_TASK TO CARRY OUT_. Could the data below be retyped exactly, without its pictures?

_STORED DATA_.
= = = = =
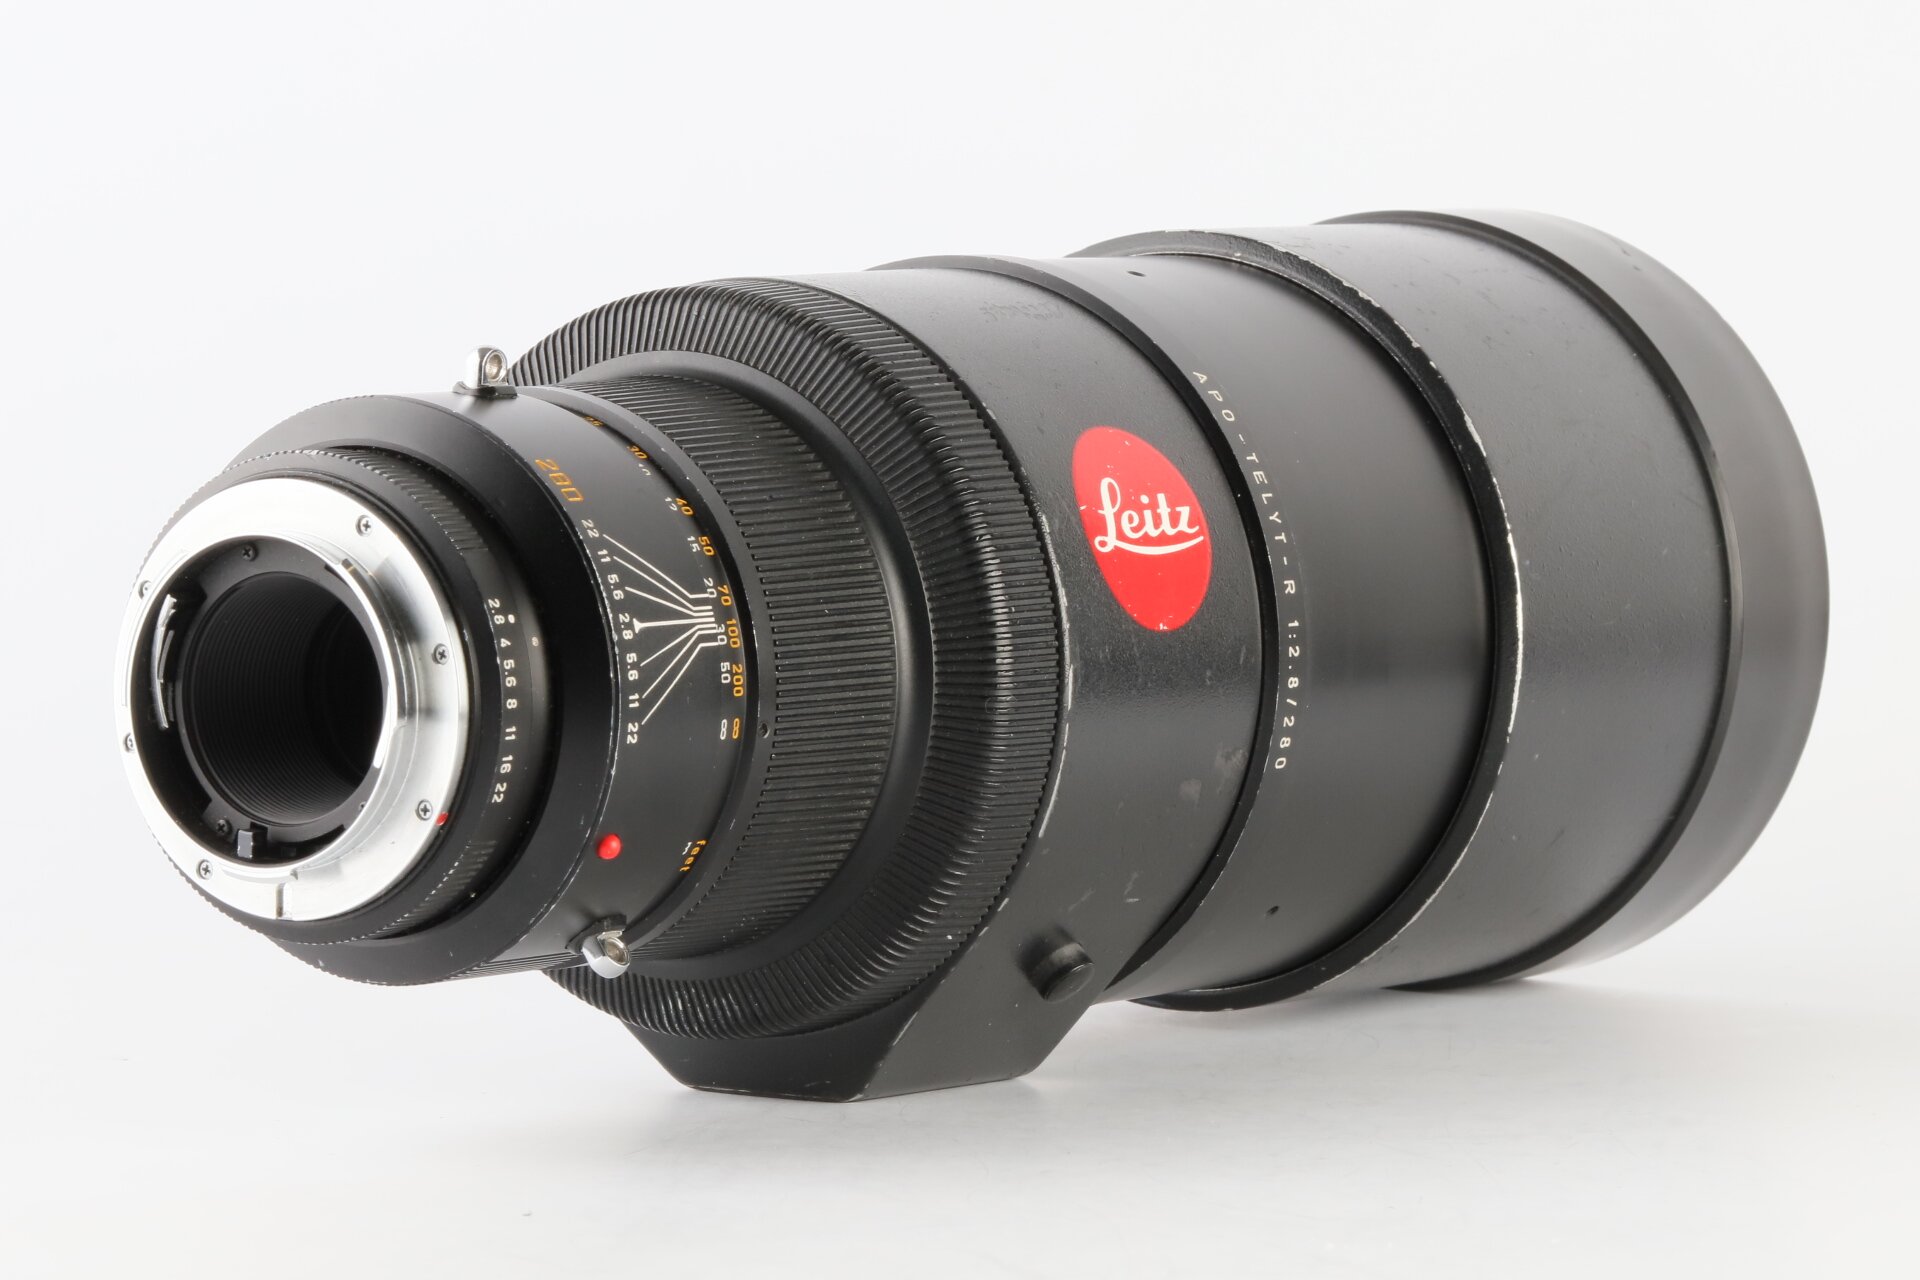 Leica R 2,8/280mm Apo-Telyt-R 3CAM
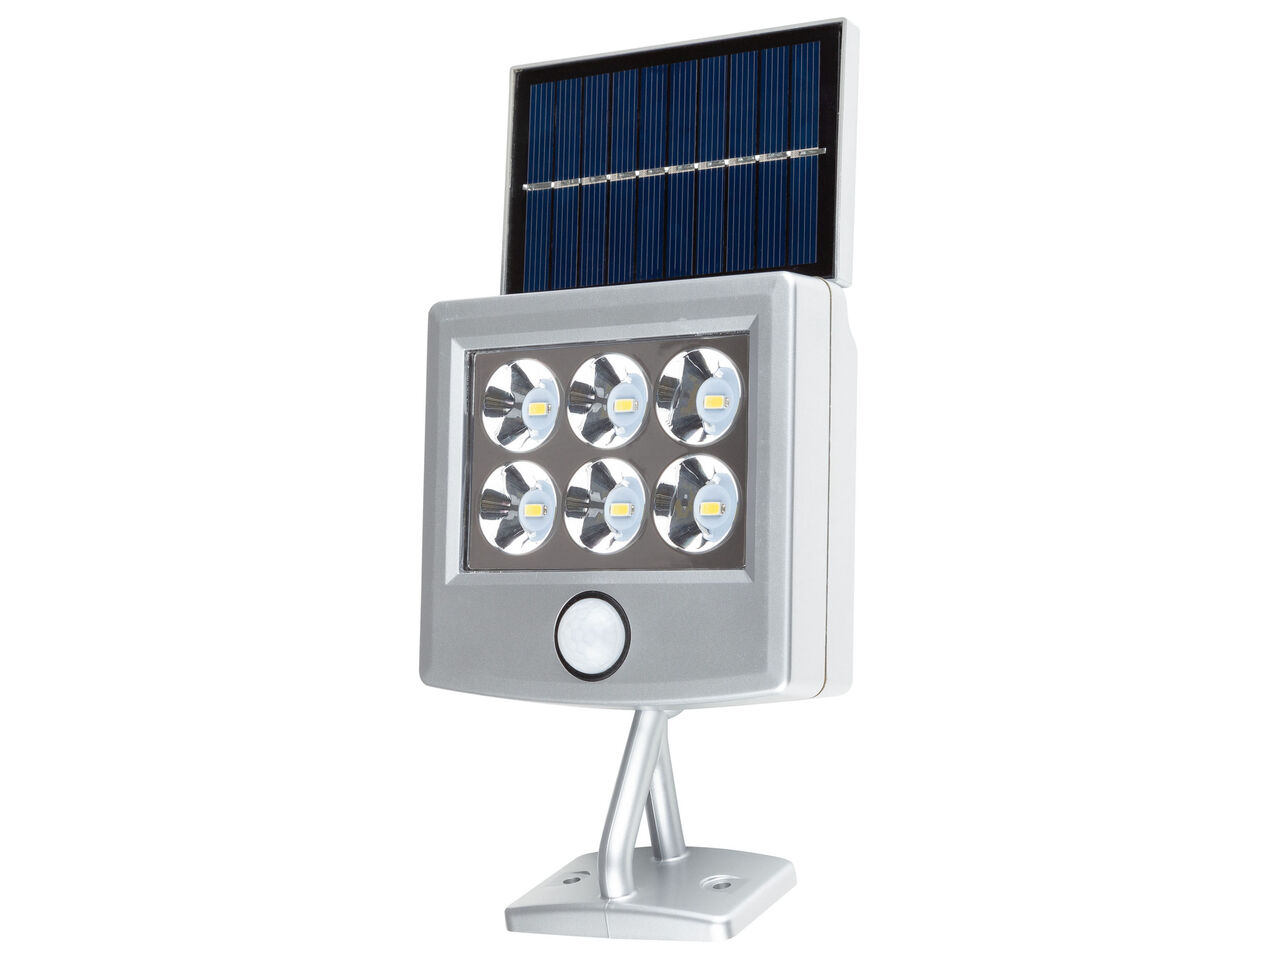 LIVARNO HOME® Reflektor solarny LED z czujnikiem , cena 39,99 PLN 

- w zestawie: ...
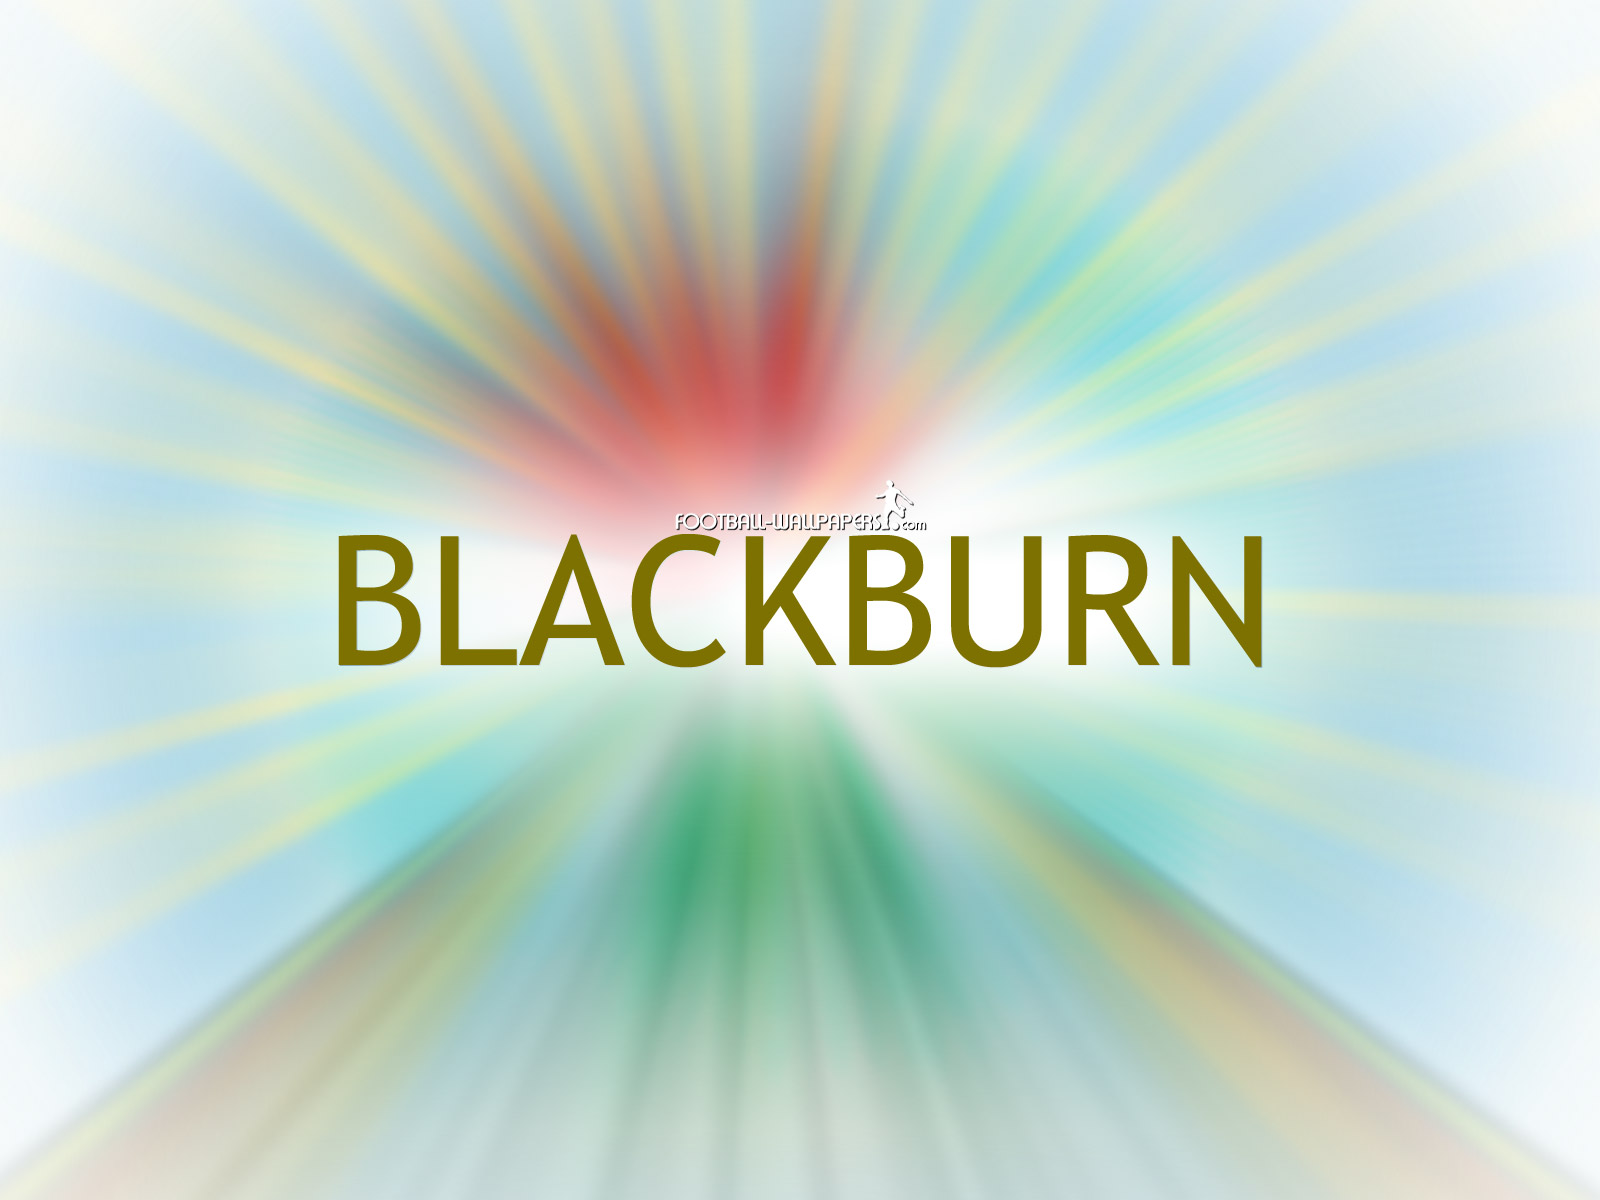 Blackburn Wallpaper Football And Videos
= = = = =
_TASK OUTPUT_.
 Leica R 2,8/280mm Apo-Telyt-R 3CAM
 LIVARNO HOME® Reflektor solarny LED z czujnikiem , cena 39,99 PLN 

- w zestawie: ...
 Blackburn Wallpaper Football And Videos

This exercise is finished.